# Vorschläge für weiß grauen Silent Lüfter 120mm  wie be quiet! Silent Wings USC PCGH Spezial Edition



## feder19 (13. Mai 2015)

*Vorschläge für weiß grauen Silent Lüfter 120mm  wie be quiet! Silent Wings USC PCGH Spezial Edition*

Moin Leute,

ich suche für einen XBOX 360 Silent Mod-Umbau (ich weiß, komisch) einen weiß grauen Lüfter, der 120mm groß ist, bei 12V mindestens 80m³/h schaufeln kann und nicht lauter als 17 oder 18dB wird.

Der perfekte Lüfter wäre der be quiet! Silent Wings USC PCGH Spezial Edition,  leider gibt es diesen nicht mehr zu kaufen und wird nicht mehr hergestellt, bei ebay hatte ich auch noch kein Glück.

Kennt ihr andere Lüfter, die meinem Beuteschema entsprechen?

Würde mich über input freuen.

Gruß


----------



## XeT (13. Mai 2015)

*AW: Vorschläge für weiß grauen Silent Lüfter 120mm  wie be quiet! Silent Wings USC PCGH Spezial Edition*

Noiseblocker NB-eLoop S-Series B12-2 (ITR-B12-2) Preisvergleich | Geizhals Deutschland

Passt genau rein.


----------



## feder19 (13. Mai 2015)

*AW: Vorschläge für weiß grauen Silent Lüfter 120mm  wie be quiet! Silent Wings USC PCGH Spezial Edition*

Der scheint echt ganz nice zu sein. Muss ich nur überlegen ob ich mich mit dem schwarzen Rahmen abfinden möchte. Soll halt im Endeffekt anne alte fat XBOX 360 Core an die Seitenwand geschnallt werden, da würde einem der schwarze Rahmen natürlich schön ins Gesicht gucken.

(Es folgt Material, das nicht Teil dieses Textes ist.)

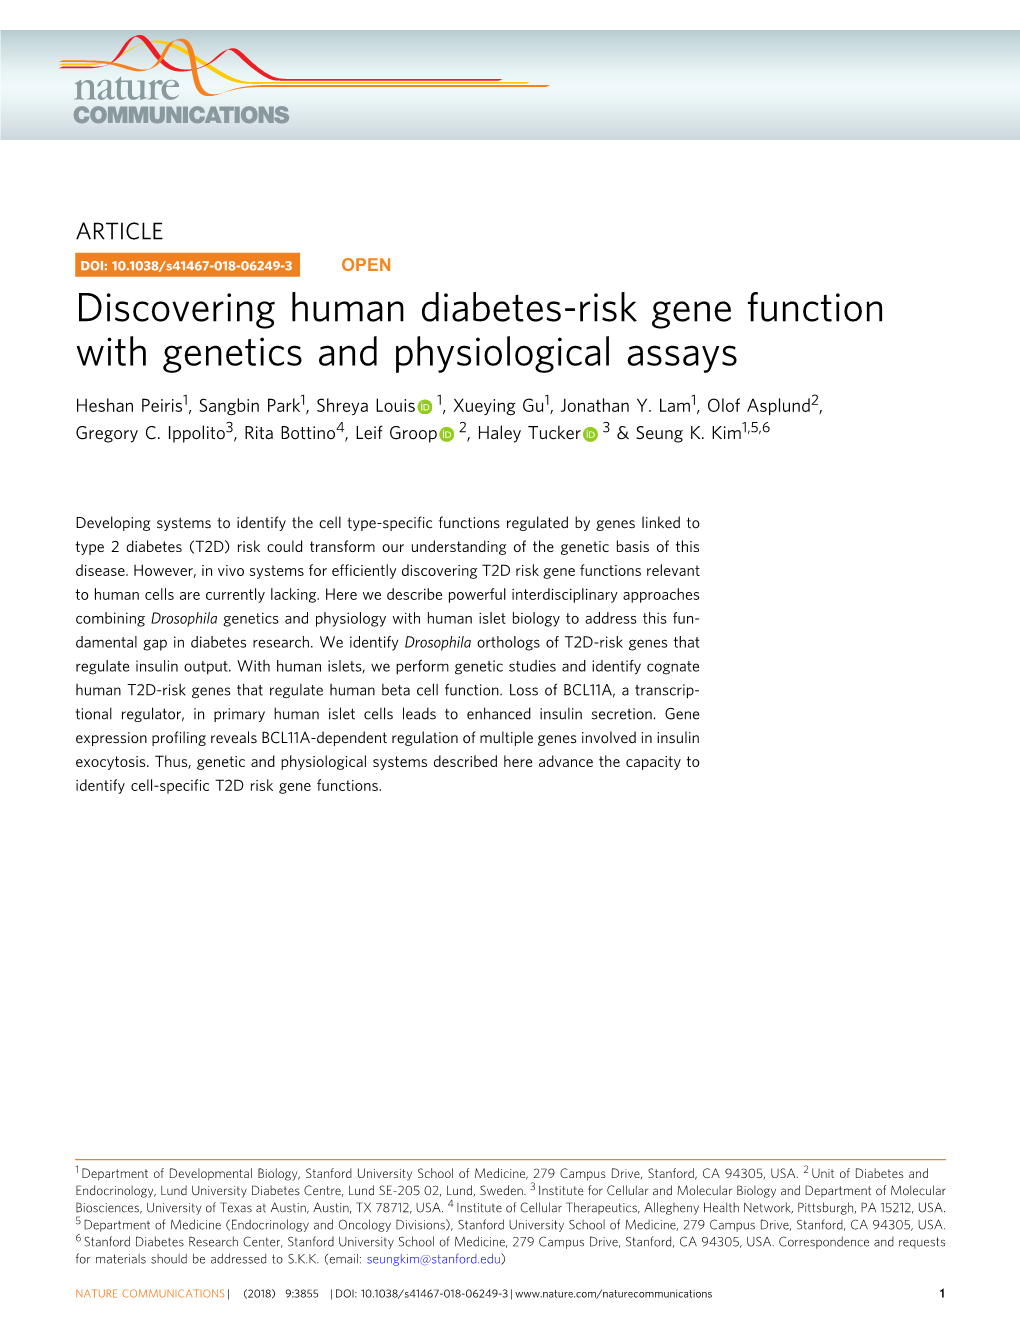 Discovering Human Diabetes-Risk Gene Function with Genetics and Physiological Assays

Sonst noch Alternativen mit weißem Rahmen vlt?


----------



## Chimera (16. Mai 2015)

*AW: Vorschläge für weiß grauen Silent Lüfter 120mm  wie be quiet! Silent Wings USC PCGH Spezial Edition*

Der Rahmen an sich ist ganz egal, denn man kann doch zu ner Spraydose greifen und ihn sich in der Wunschfarbe sprutzen  Ich hab damals die Rahmen von 2 Deepcool UF120 mit Tamiya PS-4 Blau Sprays bemalt (die PS sind speziell für Polycarbonate, während die TS Farben für normalen Kunststoff sind), was ganz gut ging. Hat mich halt nix zusätzlich gekostet, da ich von meinen Karossen noch viele dieser Sprays rumliegen hatte 
Alternativ gäb es ja ganz in Weiss den Enermax Everest bzw. den Everest Advanced: ENERMAX.DE - Everest Advance. Vorteil von dem: man hat mehrere Modes, kann also über den kleinen Schalter zwischen Silent und Volle-Pulle-Modus wechseln  Sonst ist es leider mit weissen oder grauen Lüftern eher rar, leider. Schwarz-Weiss findet man div., Grau-Weiss wohl eher ganz wenige und ganz Weiss ein paar wenige.


----------



## feder19 (16. Mai 2015)

*AW: Vorschläge für weiß grauen Silent Lüfter 120mm  wie be quiet! Silent Wings USC PCGH Spezial Edition*



Chimera schrieb:


> Der Rahmen an sich ist ganz egal, denn man kann doch zu ner Spraydose greifen und ihn sich in der Wunschfarbe sprutzen  Ich hab damals die Rahmen von 2 Deepcool UF120 mit Tamiya PS-4 Blau Sprays bemalt (die PS sind speziell für Polycarbonate, während die TS Farben für normalen Kunststoff sind), was ganz gut ging. Hat mich halt nix zusätzlich gekostet, da ich von meinen Karossen noch viele dieser Sprays rumliegen hatte
> Alternativ gäb es ja ganz in Weiss den Enermax Everest bzw. den Everest Advanced: ENERMAX.DE - Everest Advance. Vorteil von dem: man hat mehrere Modes, kann also über den kleinen Schalter zwischen Silent und Volle-Pulle-Modus wechseln  Sonst ist es leider mit weissen oder grauen Lüftern eher rar, leider. Schwarz-Weiss findet man div., Grau-Weiss wohl eher ganz wenige und ganz Weiss ein paar wenige.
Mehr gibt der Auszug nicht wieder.